Patience, young grasshopper
I do not envy the doctor who has to look me in the eye and tell me I can't run for another 2 weeks when I've already had an excruciating 4 weeks off of running. The look on my face when receiving such disappointing news must have rivaled the stone inducing glare of Medusa; in fact I should probably go check and make sure my doctor hasn't turned into a statue. Going into today's follow up appointment, I told myself that there was no guarantee I would be able to run so don't get my hopes up and that if I had to wait some more time I would be ok with it because at least I have swimming and pull-ups. Turns out, I was lying to myself. I tried really hard not to get my hopes up, but several times yesterday I realized I had this excited adrenaline feeling right in my chest that is usually only reserved for vacation, races or Christmas Eve. Today when I heard, "two more weeks" it felt like Donald Trump had become president and taken away all vacation time and banned puppies, goat videos, Christmas and trail racing. I know, I know. I'm being melodramatic, but I never claimed to be rational about running. I think a part of me thought I would be able to start running today because I had just accomplished the two goals I set for myself for rehab: I wanted to do a pull-up and to learn how to flip turn in the pool. Yesterday I did my longest swim ever, flip-turning the whole way after doing several un-assisted pull-ups in the gym, so clearly that meant it was time to get back to running. Sadly for me, my doctor had other plans.
I am definitely being a bit of a baby: the news from the follow-up ultrasound is actually 99% good. All the things (we looked at 8 different things) are healing faster than would typically be expected. I chalk that up to my will power: telling my body to heal itself or else... and everything except the hamstring is "good to go". It will all continue healing over the next 2 weeks, but I can start activation / light strength training which is awesome. During the initial ultrasound there were so many things wrong I totally missed the hamstring tear being identified. I still don't know if it's a muscle tear or what, but imagine my surprise when the doc said that the hamstring tear had "stitched itself up nicely". The hamstring tendinosis is also healing well, but still has some work to do, which makes sense because that's the only thing that still feels a little funky.
So what can I do? Well #getfishy is going to a whole new level because I can swim and pool run. I can do activation and strengthening exercises with body weight and bands. I can do single leg bike workouts only if I activate the glutes before, during and after to avoid the left glute from being lazy. I can't walk fast up hill despite my perfectly logical deductive reasoning that since I am allowed to walk and I live in San Francisco, I must be allowed to walk uphill for extended periods of time.

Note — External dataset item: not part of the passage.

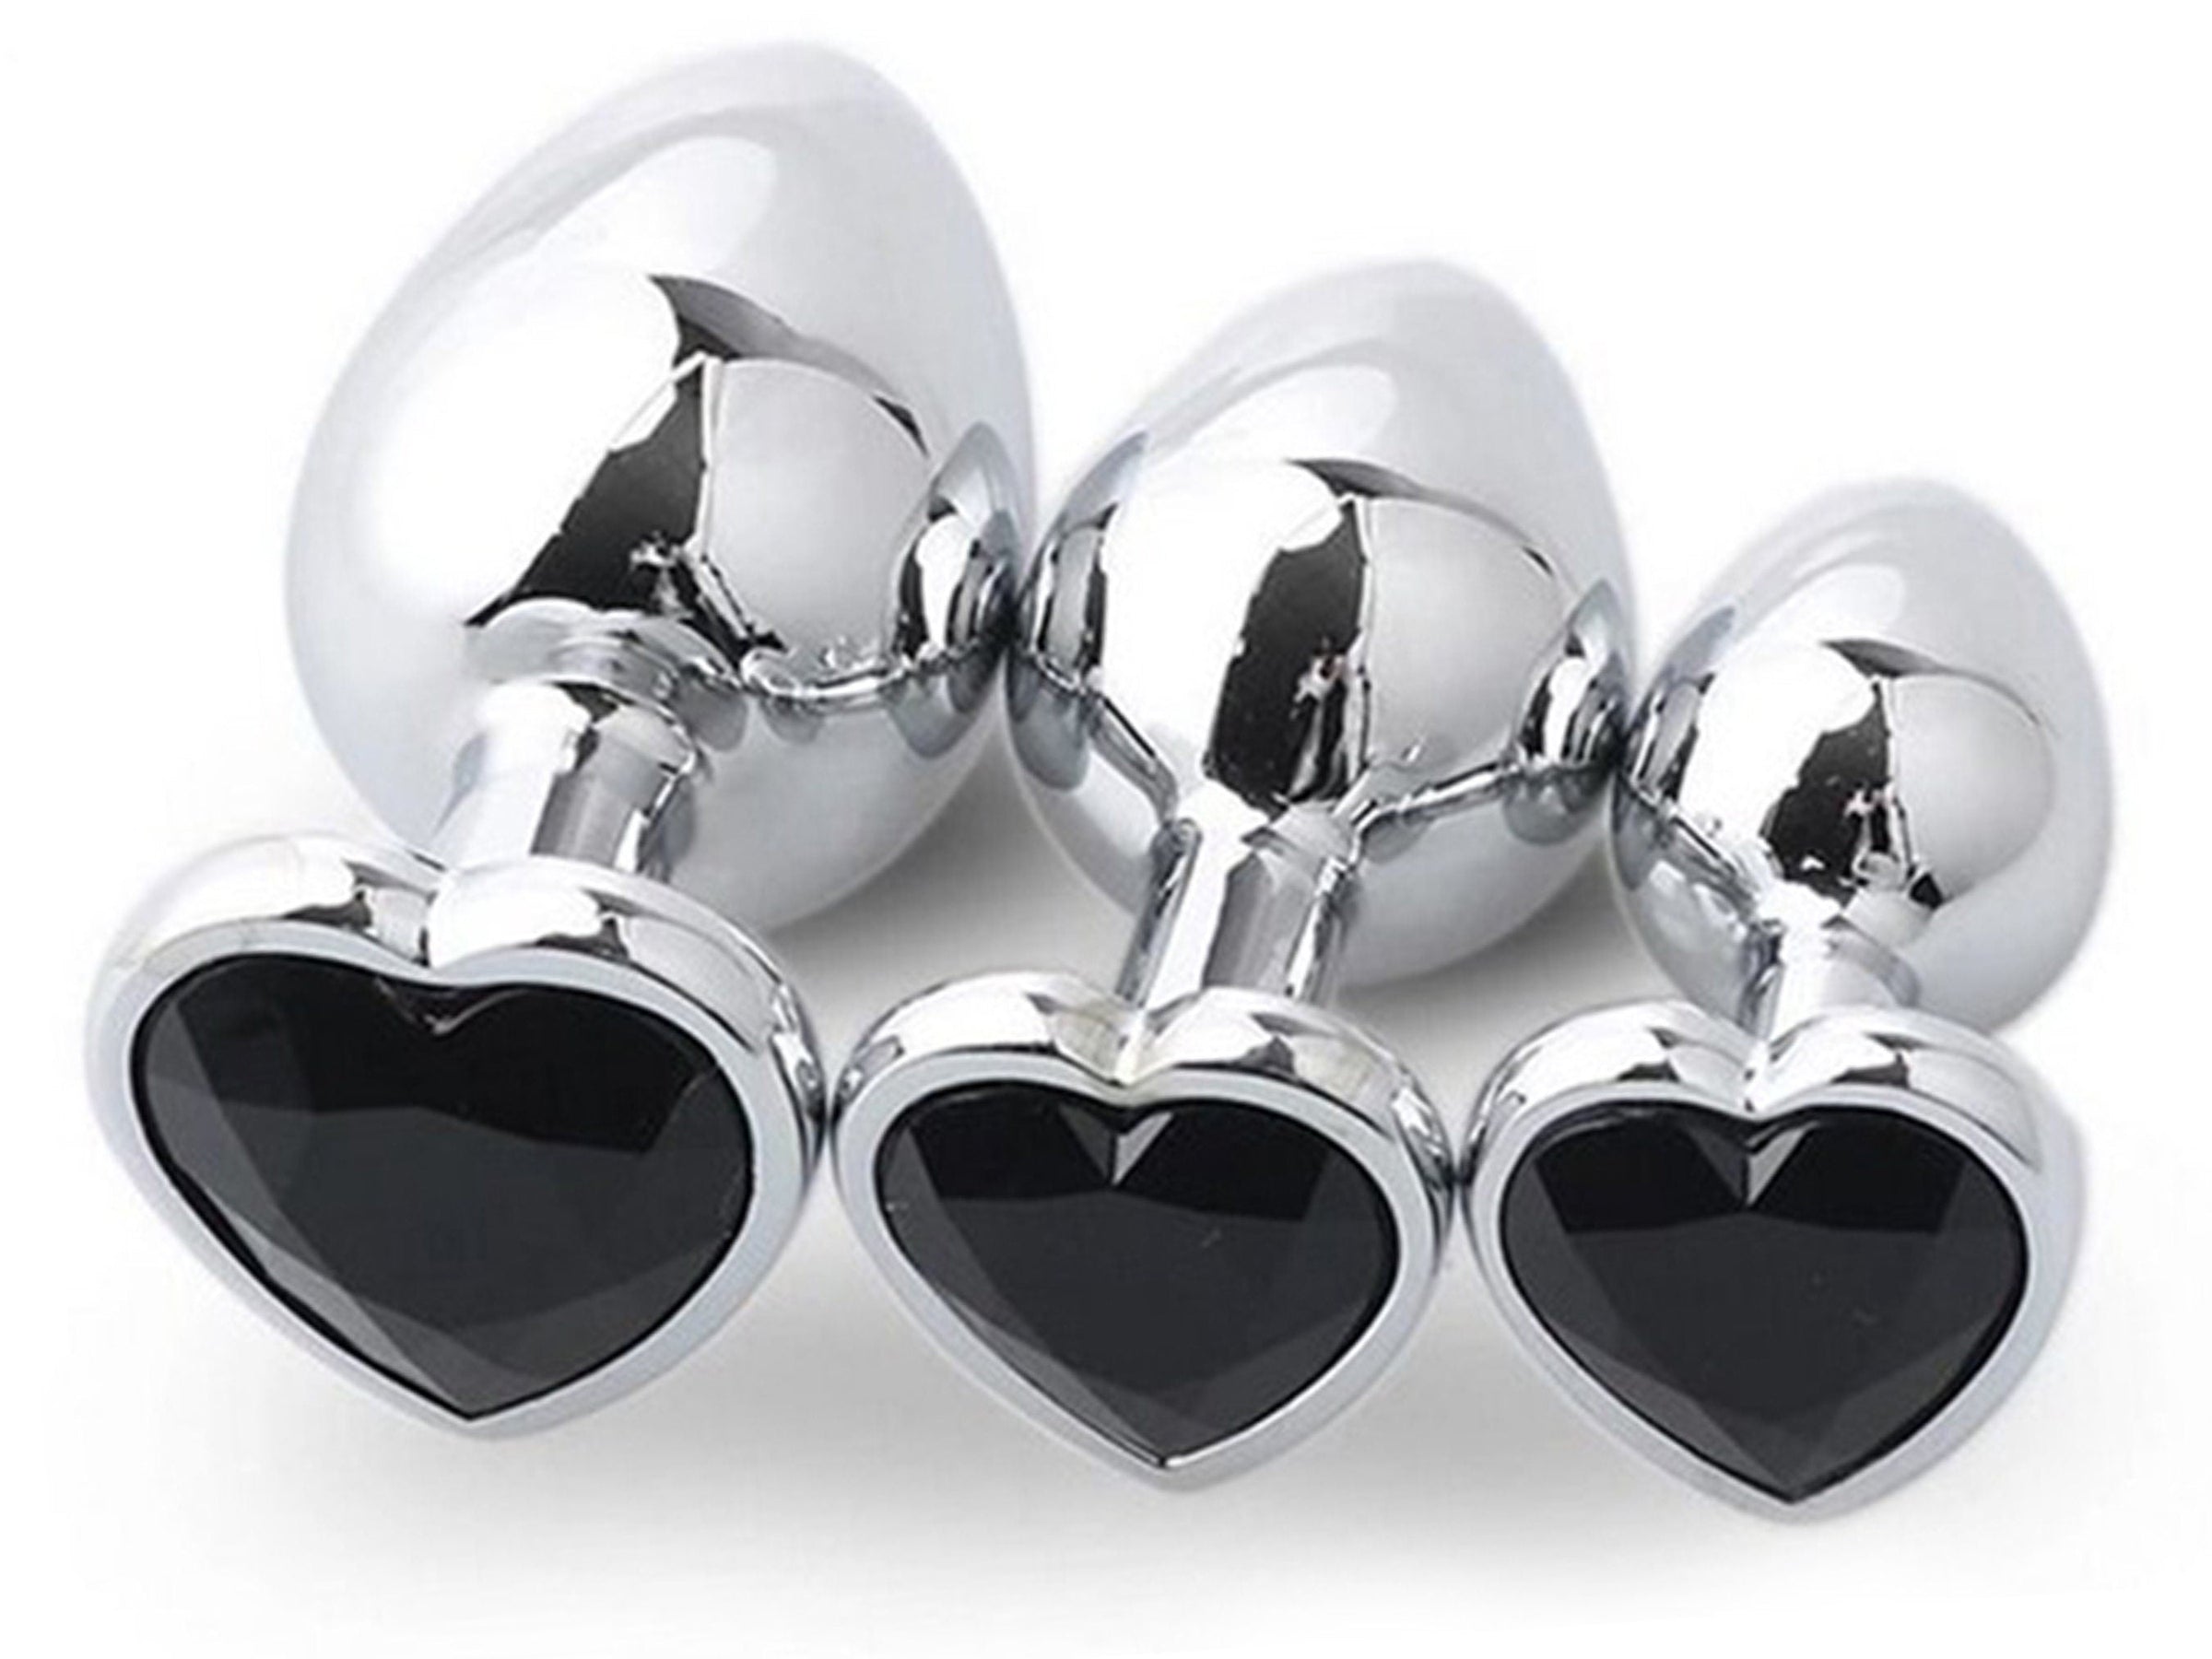 BLACK HEART Shaped Acrylic Crystal Butt plug 3 sizes anal toy sex jewe

Since I accomplished my first set of rehab goals, I need some new ones. I think shooting for a 2 mile swim workout seems like a good idea, but I would love a strength or activity based one as well.
Here's hoping the next 2 weeks go by faster than the last 2 weeks did. In the mean time, I will be daydreaming of how awesome it's going to be to get to run with a fully functioning left hip and butt and enjoying some non-running activities in Tahoe.